Jessie face fell, her disappointment so clear she looked an absolute picture of misery.

Clare relented. She’d intended to tease her friend a little, but seeing her looking so let down, she hadn’t the heart.

‘Oh, it’s nothing much, Jessie. Only the Orange Hall. Uncle Jack’s lodge,’ she began. ‘That’s why I couldn’t ask you to come with me. It’s invitation only. I only got one because Aunt Minnie wants me to help her with the sandwiches and Jack said if I stayed for the hop he’d run me home. I’m really sorry I couldn’t ask you to come with me.’

Jessie shook her head and looked at her sharply.

‘You’ll tell me next they’re unfurling a new banner.’

‘Yes, they are indeed,’ said Clare, surprised. ‘How did you know?’

Jessie shook her head impatiently.

‘Ach it’s the season for it. Sure they’re all at it, any that kin afford it. Have you any idea what one o’ these do’s is like?’

‘No,’ said Clare honestly. ‘I’ve never been to anything like that before. I thought it might be rather interesting.’

‘Interesting,’ Jessie repeated carefully. ‘They say there’s one born every minit,’ she went on raising her eyes heavenward. ‘Sure they’ll speechify half the night, ye’ll be starved by the time ye even see a bully beef sandwich an’ there won’t be a man there under forty. Or if there is, he’ll be with his Daddy and he’ll hide in a corner till it’s time for them both to go home. I think I’ll be better off with Florrie.’

 

Uncle Jack collected Clare the next afternoon, waited patiently while she put her freshly-ironed dress across the back seat and drove her off at speed to Liskeyborough. He had to see a man about a lorry for the field, he said, as he dropped her in the farmyard, her dress over one arm, Jessie’s new Louis-heeled shoes and her purse in Granda Scott’s shopping bag.

Aunt Minnie was already installed at the broad table under the kitchen window, bowls of mixture and a pile of sliced loaves at the ready. At the far end of the table, Granny Hamilton sat and watched, her hands so bent now with arthritis that she could no longer grip a knife.

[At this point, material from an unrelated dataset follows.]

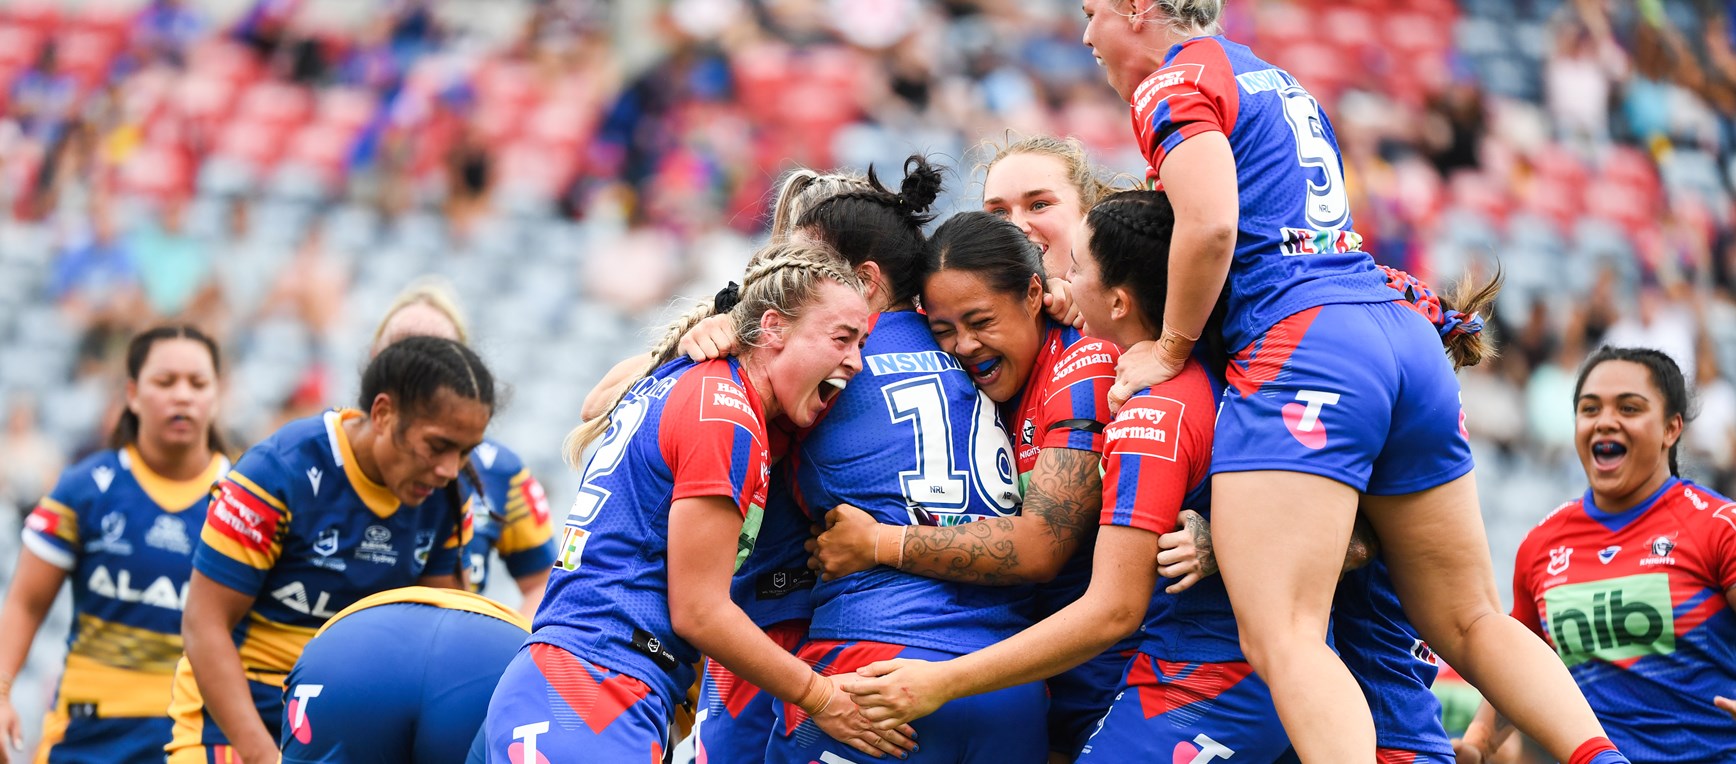 Gallery: Our first season in the NRLW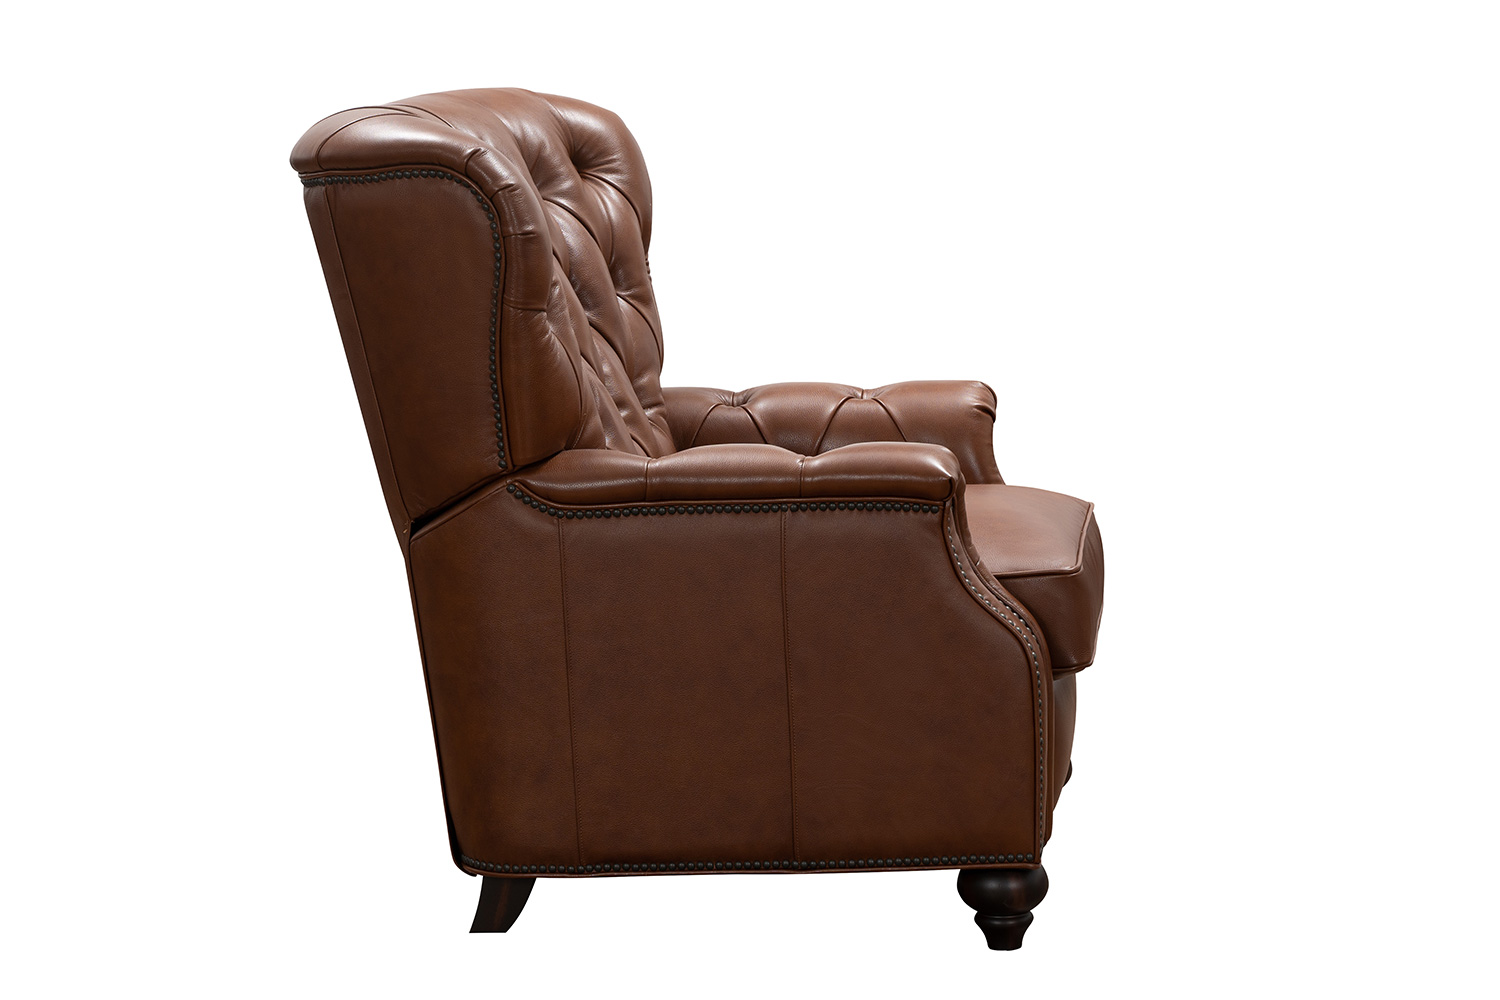 Barcalounger Lombard Recliner Chair - Ashford Bitters/All Leather

‘Hello, Clare, how are ye?’ she said, smiling up at her. ‘Is that the wee dress you were tellin’ me about? The one Polly sent you?’ she asked, her sharp eyes running over the navy blue fabric with its pattern of white spots. ‘Away an’ put it in the bedroom before we get butter on it. There’s a wire hanger on the back of the door.’

Clare got to work, grateful for Granny Hamilton’s company – for Minnie was a large, silent woman whose most frequent conversational utterance was ‘Really’. She was, however, a dab hand at making sandwiches. She’d reduced the first stage to two efficient movements. One spread the butter generously and evenly across the slice from crust to crust, the other removed as much as possible while leaving a layer sufficient for the filling to stick to. It was some time before Clare mastered the technique, but after all, she reminded herself, Minnie had been doing it for years.

Granny Hamilton entertained them as they worked. She passed on the news from the aunts and uncles scattered around the province and brought them up to date on the large number of cousins now leaving school and finding their first jobs. Every so often she interrupted herself to comment on the assorted men who came to the kitchen door enquiring for Jack or one of his brothers, in connection with the preparations for the evening.

‘Sure that poor man has himself worried silly about the night,’ she began, as she craned her neck to see who it was that was tramping down the yard, knowing that the most likely place to find Jack was in the workshop. ‘If he’d known he’d be Chairman in the year of a new banner, he’d never have taken it on. But there was no talk of that until a few months ago and now he can’t get out of it. He’s that shy, he’d go half a mile out of his way to avoid speakin’ to a stranger.’

‘Will he have a lot of speaking to do?’ asked Clare, as she carefully cut open the waxed paper on a sliced loaf so they could reuse it for the finished sandwiches.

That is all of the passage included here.